Partijen hebben hun rechtsverhoudingen schriftelijk vastgelegd. Het ligt voor de hand dat partijen belangrijke wijzigingen of aanvullingen daarvan of daarop schriftelijk zouden hebben vastgelegd. Dit is niet het geval. Niettemin is niet ondenkbaar dat partijen mondeling een dergelijke wijziging of aanvulling zijn overeengekomen.
Voor zover al uit de stellingen van Carolie c.s. kan worden afgeleid dat zij de mededeling "destijds" van [C] hebben als aanbod opgevat tot wijziging/aanvulling van de overeenkomst, hebben zij niet gesteld dat, hoe en wanneer dat aanbod door (ieder van) hen is aanvaard. Dit had temeer op hun weg gelegen nu zij in eerste aanleg nog zeer nadrukkelijk hebben gesteld dat met hen nimmer een afspraak "inkoop plus 10%" is gemaakt.
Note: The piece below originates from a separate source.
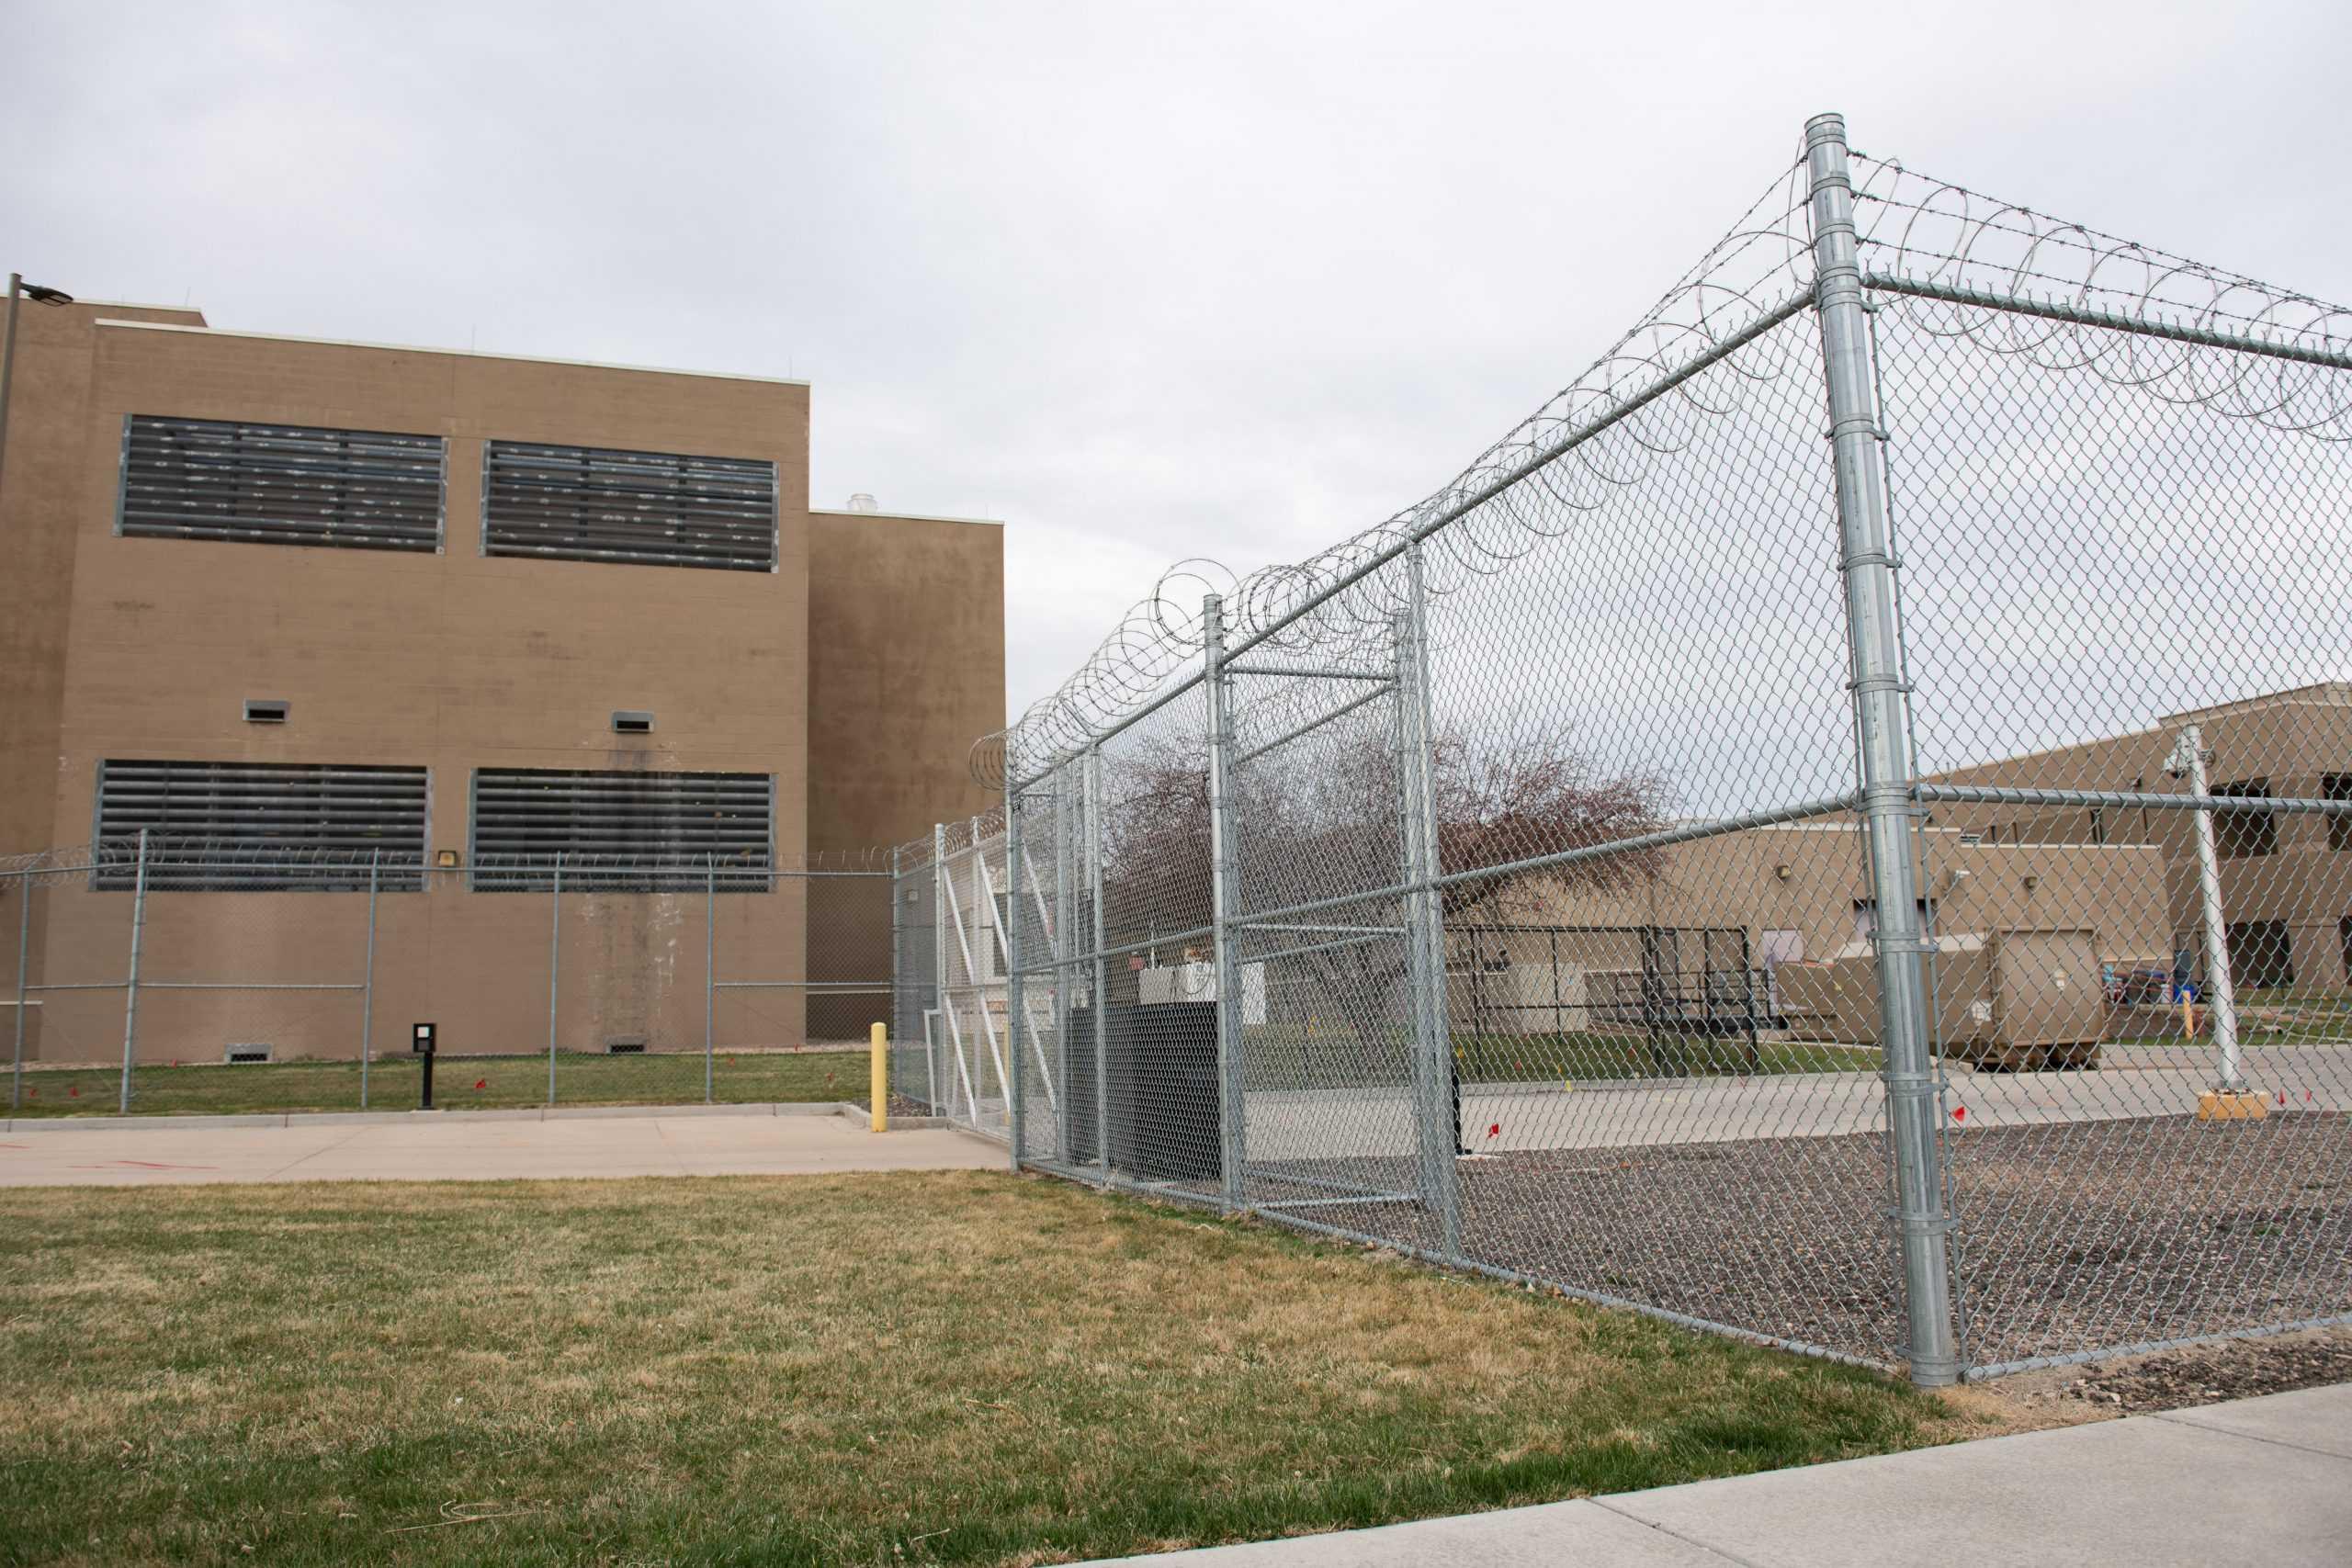 Northern Colorado Drug Task Force make arrest in national
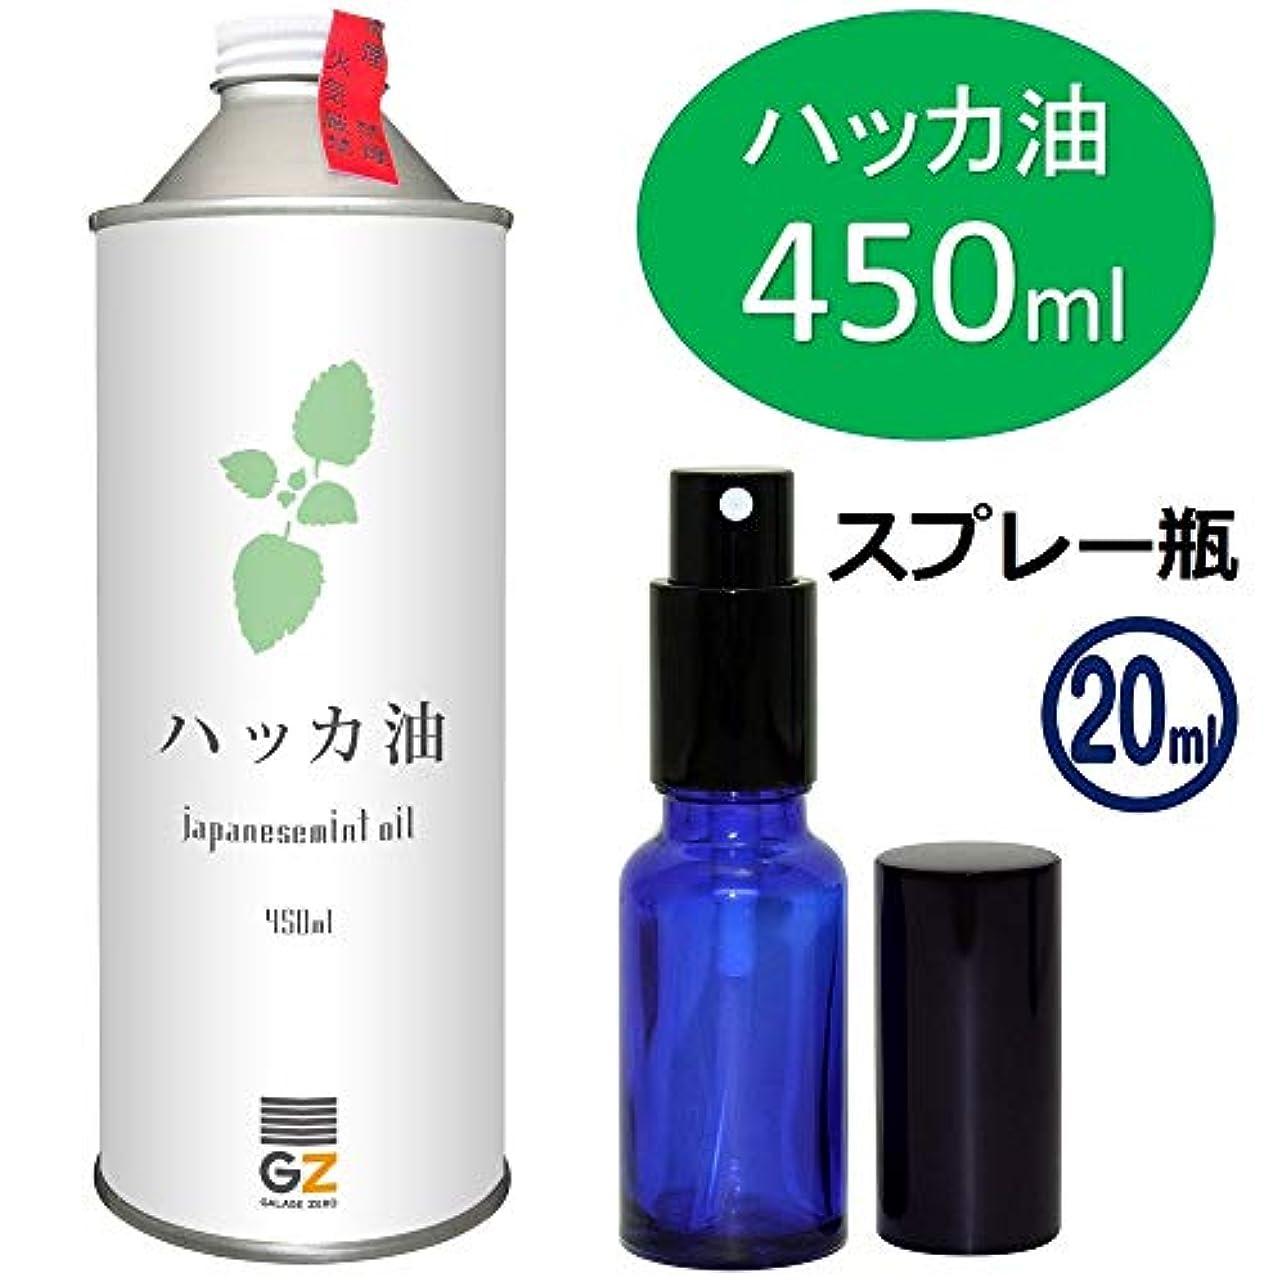 ボイドイディオム休日にガレージ?ゼロ ハッカ油 450ml(GZAK13)+ガラス瓶 スプレーボトル20ml/和種薄荷/ジャパニーズミント GSE534

Zo wordt op pagina 31 van de conclusie van repliek het volgende door Carolie c.s. (en de andere eisers) gesteld:
"
Eisers hebben nimmer vrijwillig of nadrukkelijk ingestemd met een opslag op verplicht bij Op = Op Partijgroothandel af te nemen goederen en zij mochten uitgaan van marktconforme inkoopprijzen
Onder 5.2 en 15.2 in de CvA wordt het voorgedaan alsof de eisers vrijwillig akkoord zijn gegaan met een opslag over de inkoopprijzen op de voorraad (van 10%). Dit is echter niet het geval (…) Gedaagden verwijzen naar productie 10 bij de dagvaarding, een niet ondertekende brief van de franchiseraad van 15 juli 2012 waarin het percentage van 10% wordt genoemd door de franchiseraad. De franchiseraad merkt echter op dat dit een afspraak van 'jaren geleden' is en dat '20 ondernemers' het met de opslag eens zouden zijn. Hieronder vallen echter niet eisers, die nimmer hebben ingestemd met 10% opslag."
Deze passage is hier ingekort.